Quality Assurance in Field Operations

Quality Assurance (QA) aims to prevent defects, errors, and deviations, ensuring quality standards are maintained throughout each phase of the field operation. In other words, what levers can we pull to prevent these issues from occurring in the first place?

It’s a proactive approach that strives to build quality into the workflow, rather than relying solely on post-event inspections. Under this approach, businesses create robust frameworks to maintain high standards throughout the production lifecycle.

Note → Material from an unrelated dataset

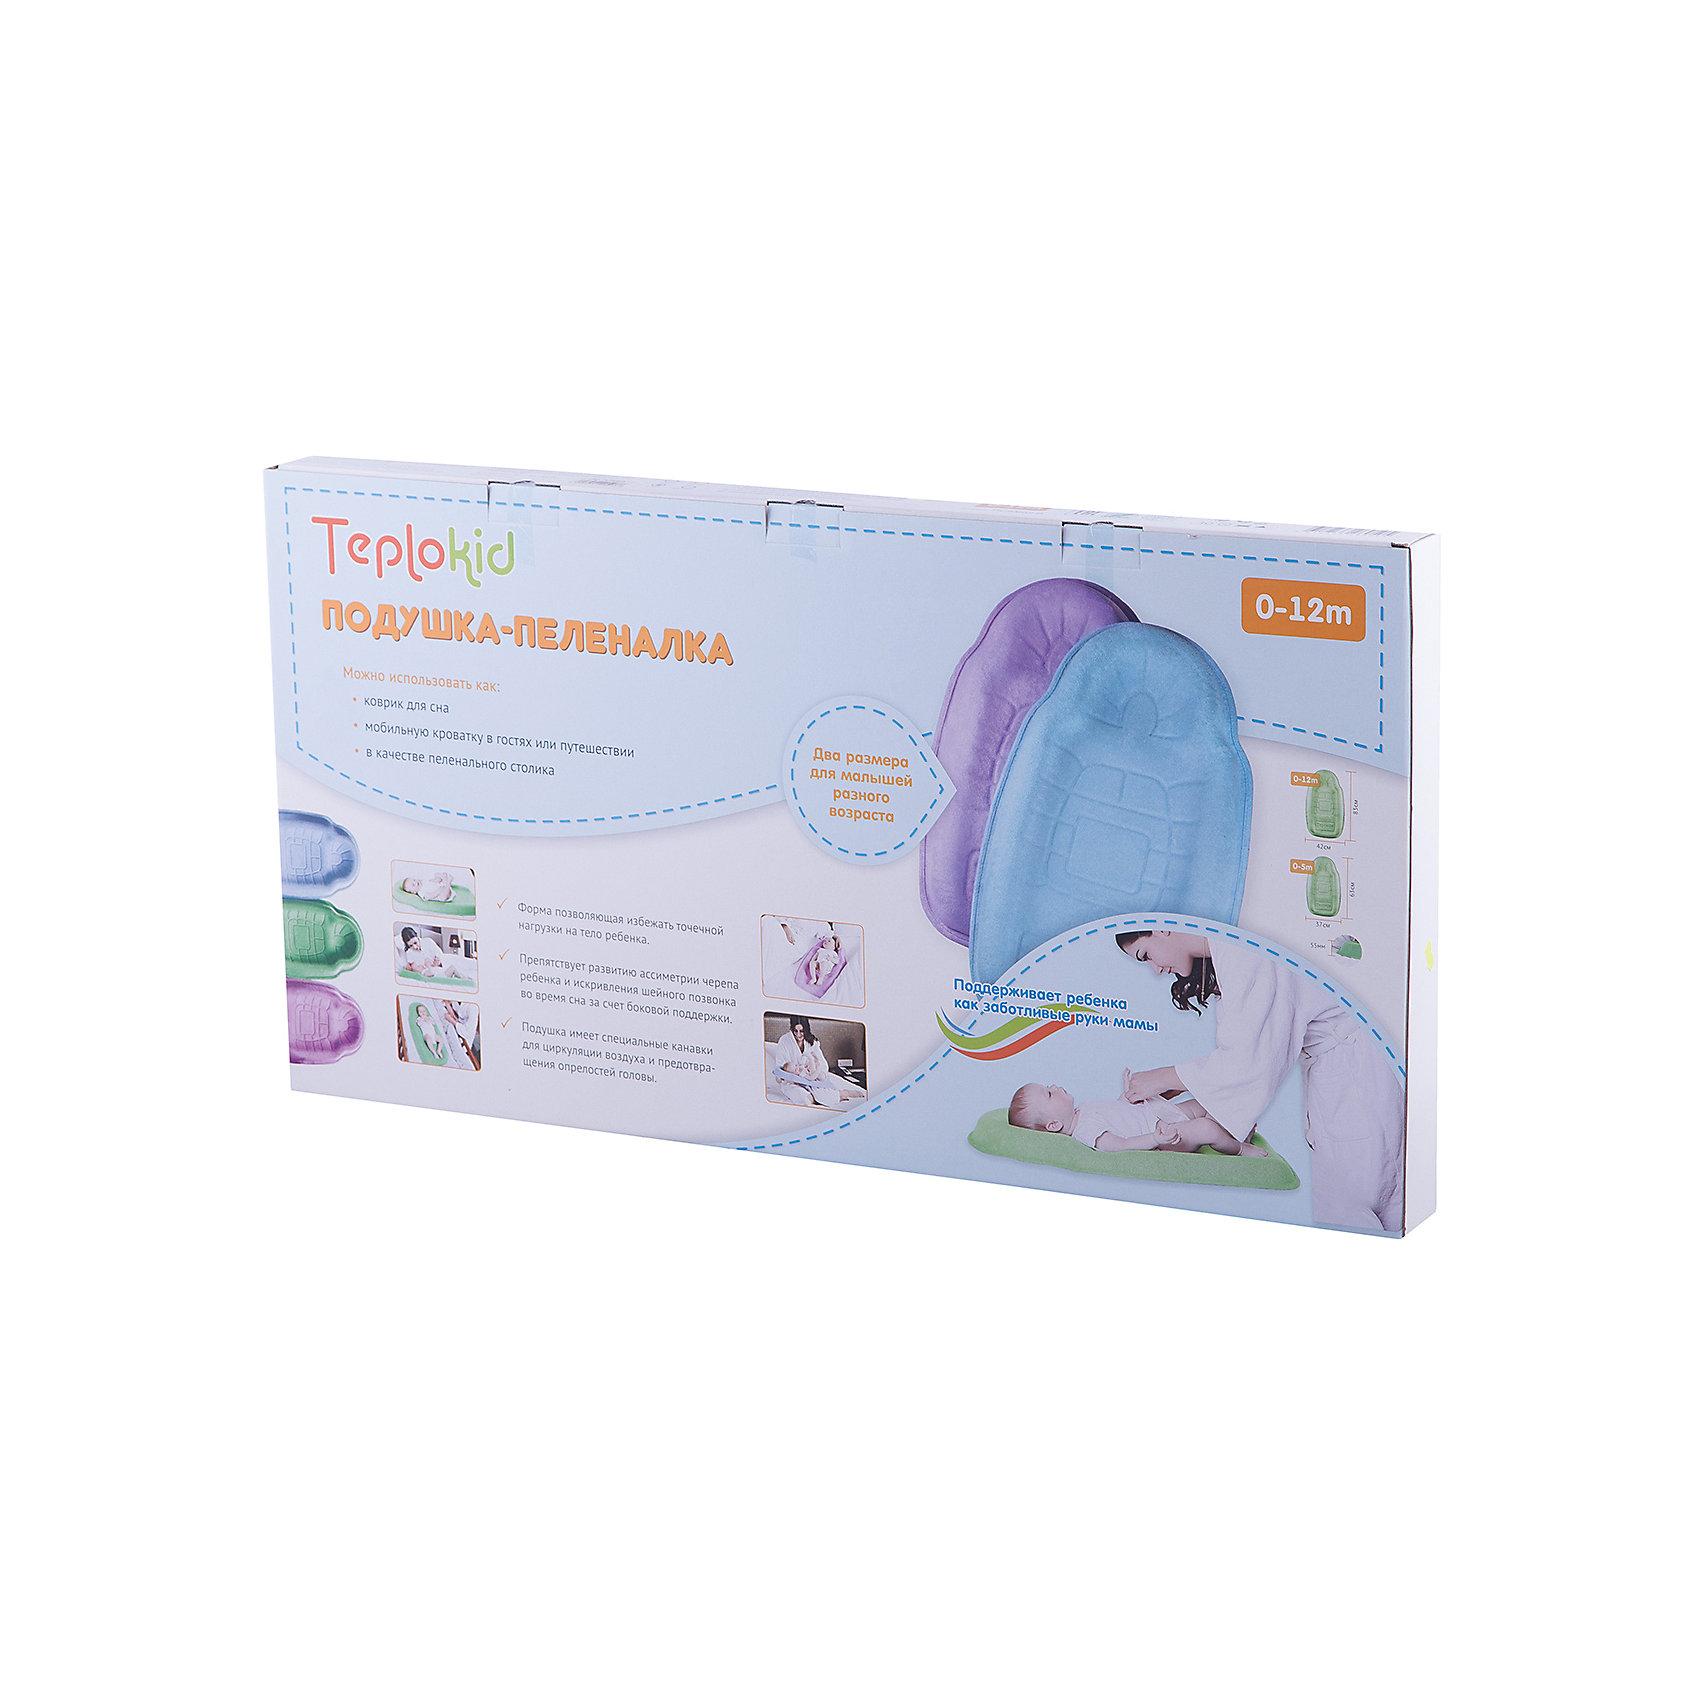 Матрасик для пеленания 42см х 83см, Teplokid, зеленыйМатрасик для пеленания – устройство для обеспечения комфортных условий малышу в горизонтальном положении в кроватке и на любой другой поверхности. При разработке матрасика участвовали ортопеды - профессионалы. Устройство будет полезно для формирования позвоночника, правильной осанки и удобного расположения ребенка при его кормлении. Матрасик имеет широкий цветовой ассортимент. Все материалы, использованные при разработке и изготовлении матрасика безопасны для использования, отвечают всем требованиям экологичности и качества детских товаров, а так же гипоаллергенны.<br><br>Дополнительная информация:<br><br>цвет: зеленый;<br>размер: 42см х 83см.<br><br>Матрасик для пеленания Teplokid можно приобрести в нашем магазине.<br><br>Ширина мм: 850<br>Глубина мм: 60<br>Высота мм: 450<br>Вес г: 380<br>Возраст от месяцев: 0<br>Возраст до месяцев: 12<br>Пол: Унисекс<br>Возраст: Детский<br>SKU: 4968133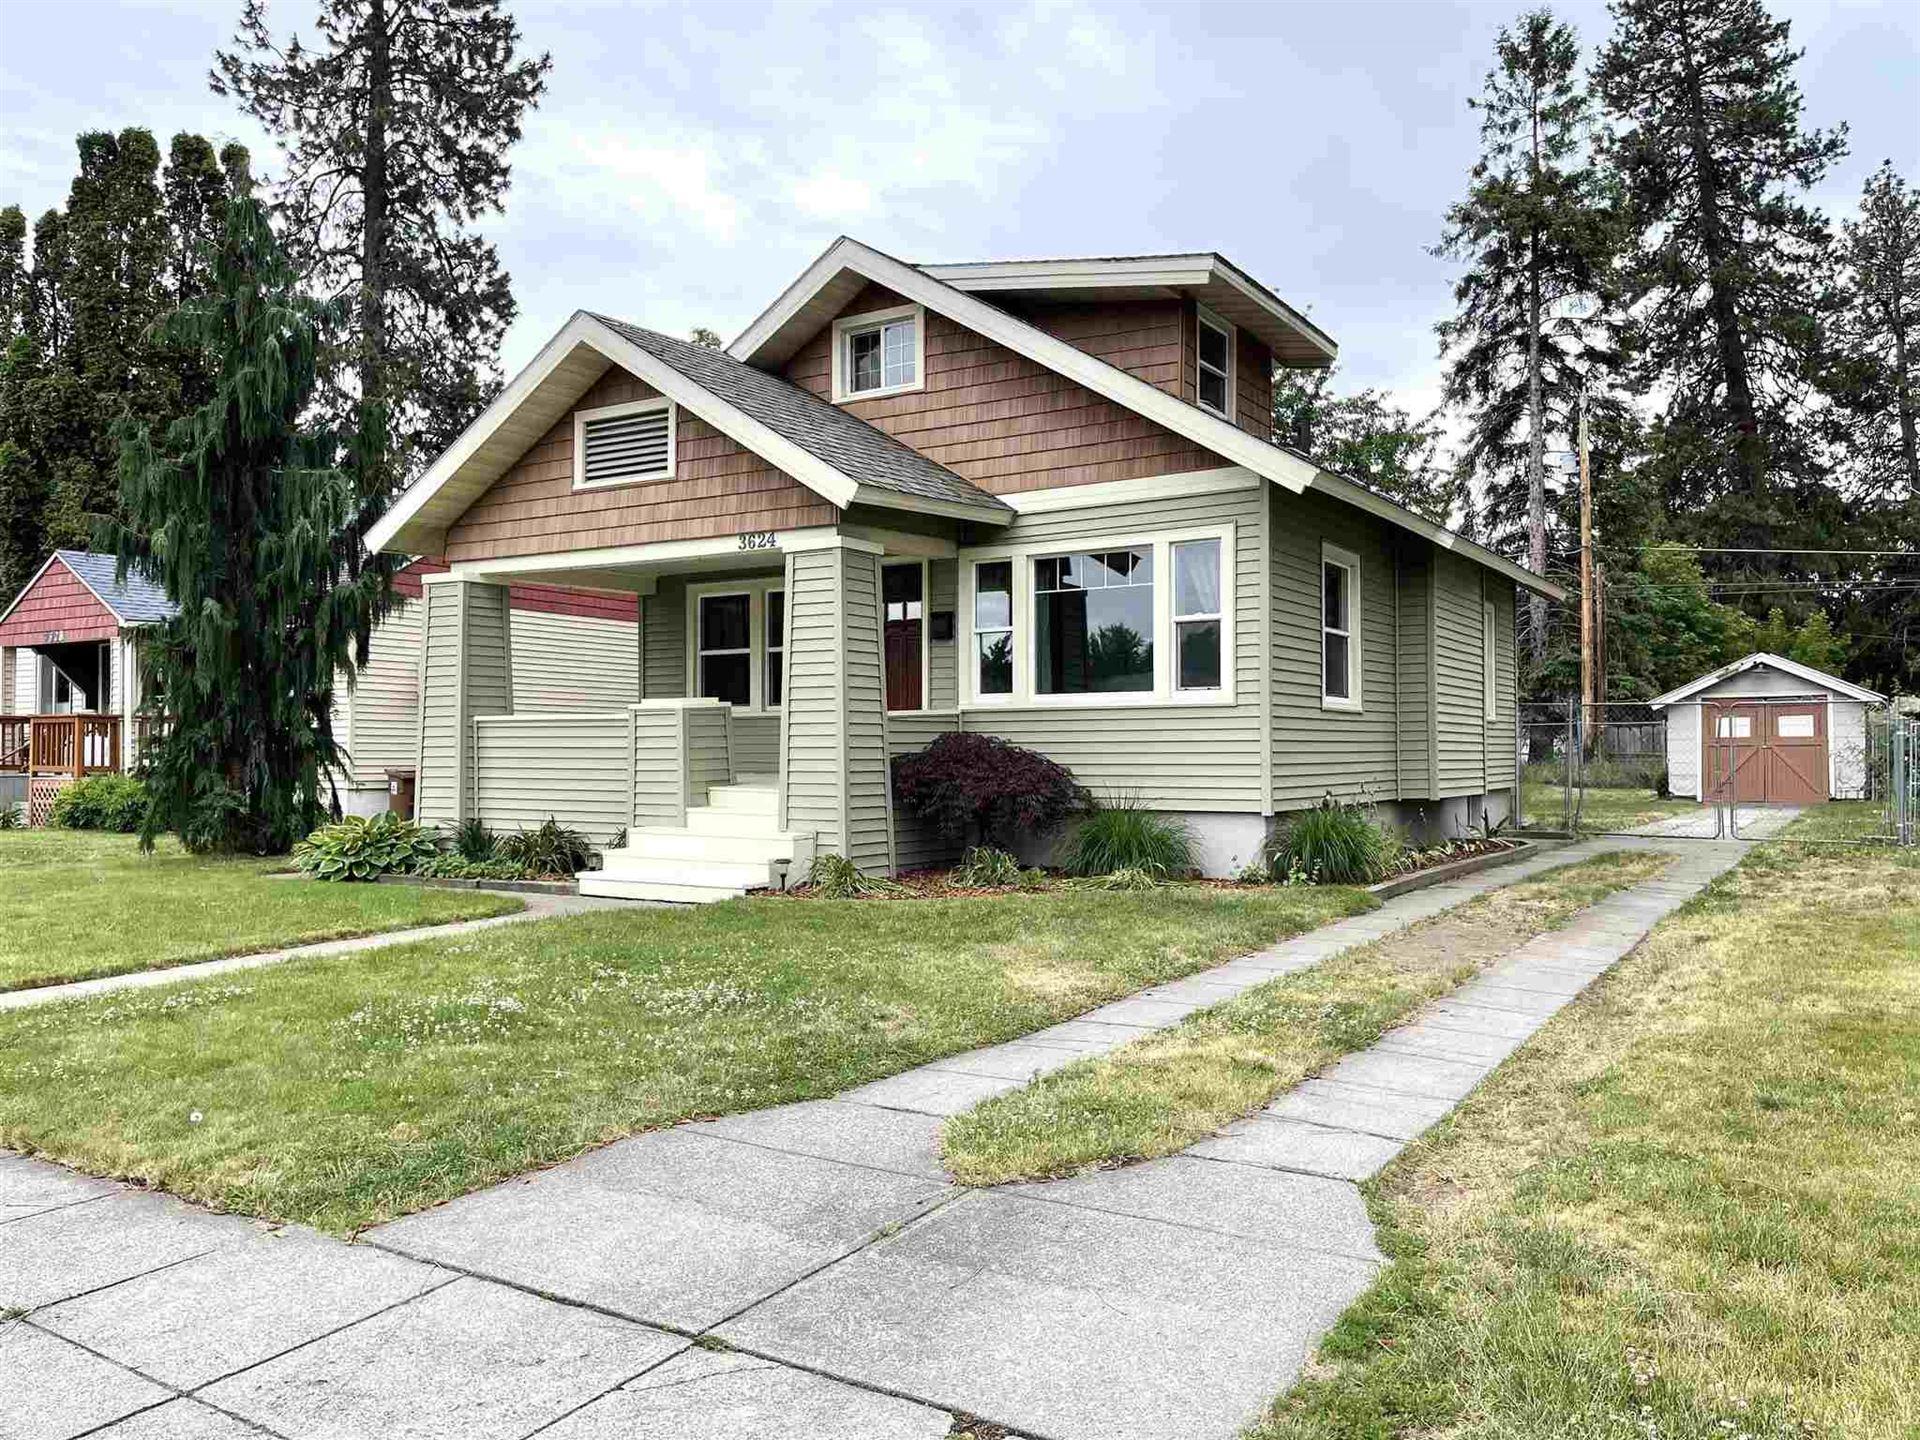 3624 E 6th Ave, Spokane, WA 99202 - #: 202116945

In fiber optic roll-out operations, QA involves the establishment of quality standards by Infrastructure, Operations, and Quality managers. These rules guide how field workers and subcontractors should execute tasks to assure quality in the network, such as proper cable layout and equipment labeling. 

Enhancing Quality Assurance in Field Operations with AI

AI has now become the linchpin of a fully optimized Quality Assurance Framework. With computer vision, companies can analyze infrastructure asset photos in real time during field operations, ensuring consistent product quality. 

The quality feedback provided in real time allows field workers to understand what work actions they must be careful about in their future interventions, reinforcing a proactive process in quality assurance. This is called On-The-Job learning. At Deepomatic we have designed a field interface that clearly communicates the results of the AI analysis to field workers, through text and visuals, to facilitate continuous skill improvement and therefore enhance future performance.

We also generate and display data about the conformity of the work done by field teams so Operations Managers can identify areas for improvement and take proactive actions, such as training. What’s more, organizations can use the job compliance data gathered from the field to decide which contractors they should maintain business contracts with to ensure that their quality standards are enforced correctly.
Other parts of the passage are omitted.